##### DATA PROVIDED

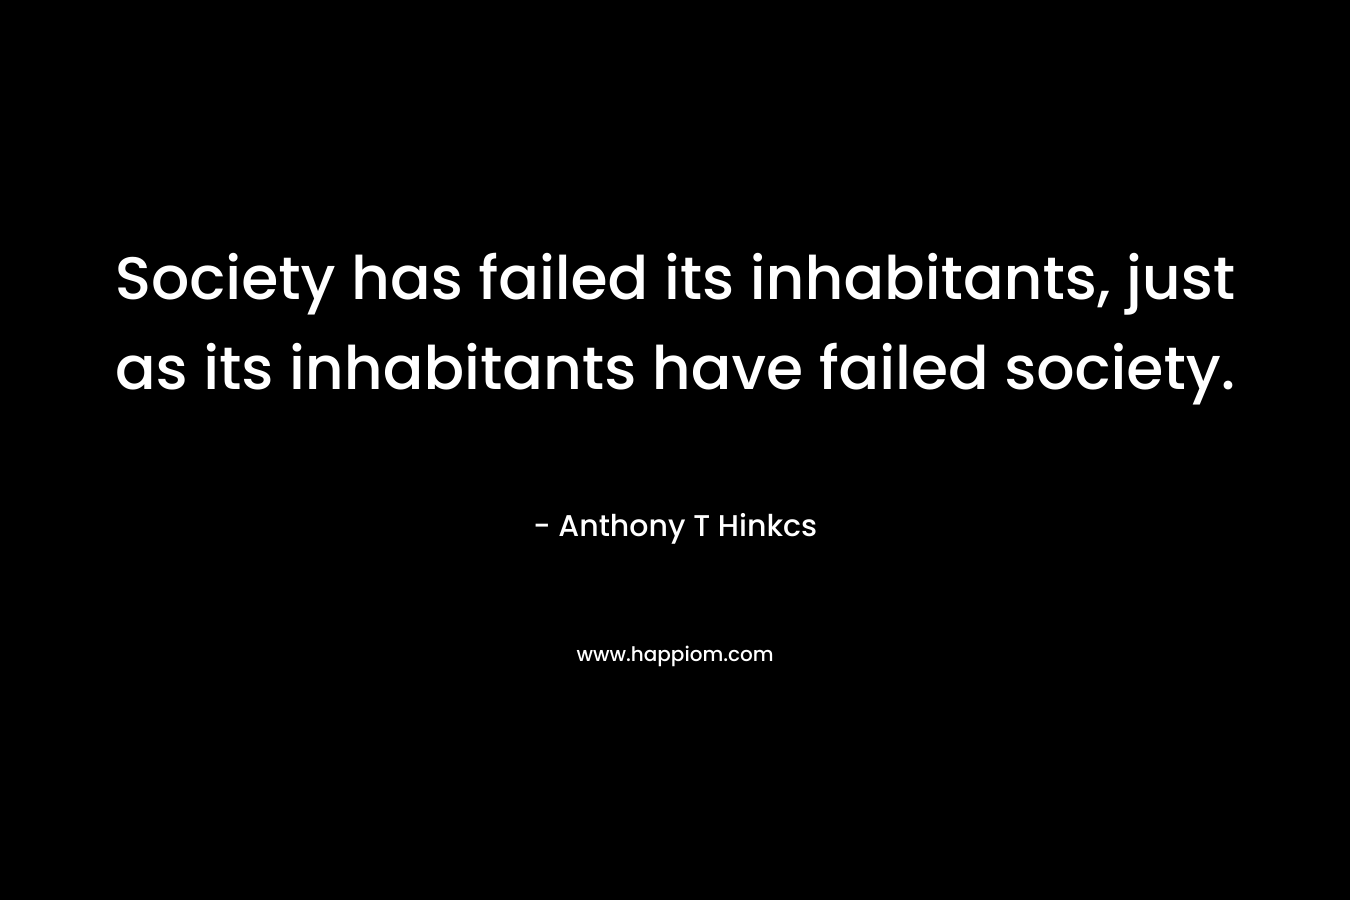 Society has failed its inhabitants, just as its inhabitants have failed society.
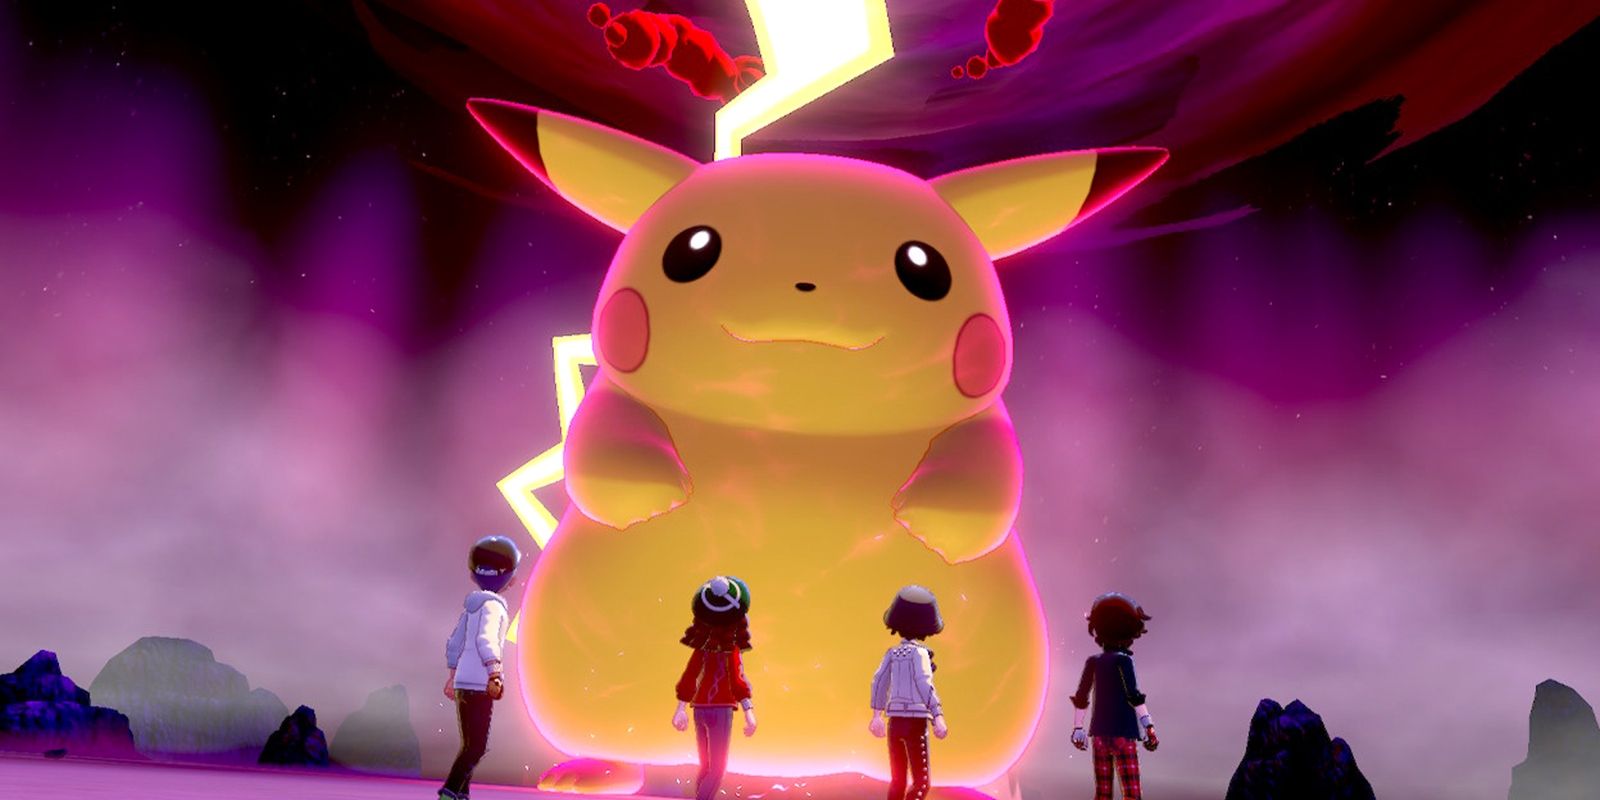 Players encounter a Gigantamax Pikachu in Pokémon Sword and Shield.
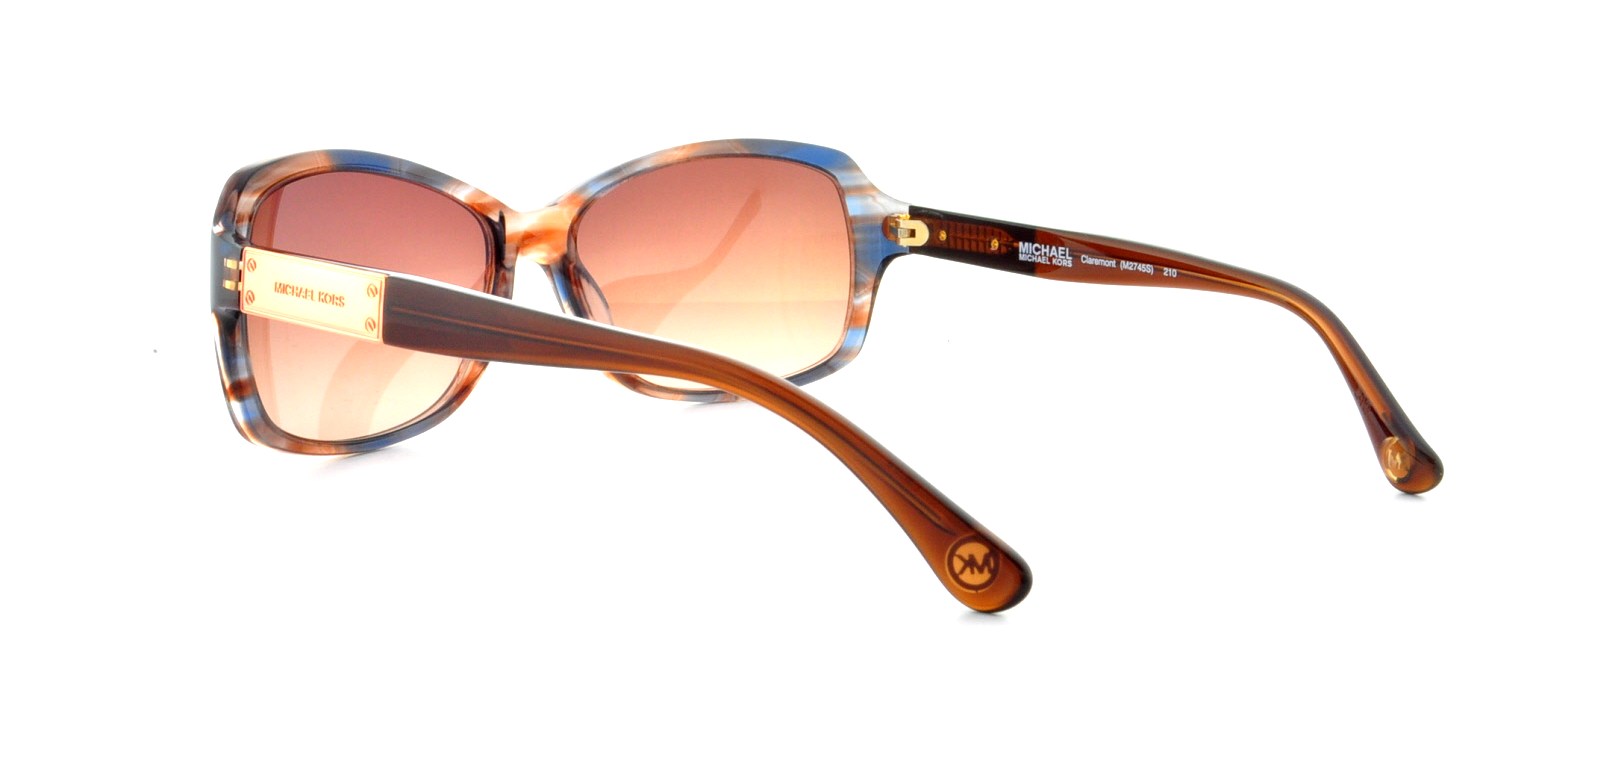 Designer Frames Outlet. Michael Kors Sunglasses M2745S CLAREMONT

##########

■ YOUR OBJECTIVE
Transcribe the whole listing above exactly and leave out the pictures.

■ EXPECTED ANSWER
 Society has failed its inhabitants, just as its inhabitants have failed society.
 Players encounter a Gigantamax Pikachu in Pokémon Sword and Shield.
 Designer Frames Outlet. Michael Kors Sunglasses M2745S CLAREMONT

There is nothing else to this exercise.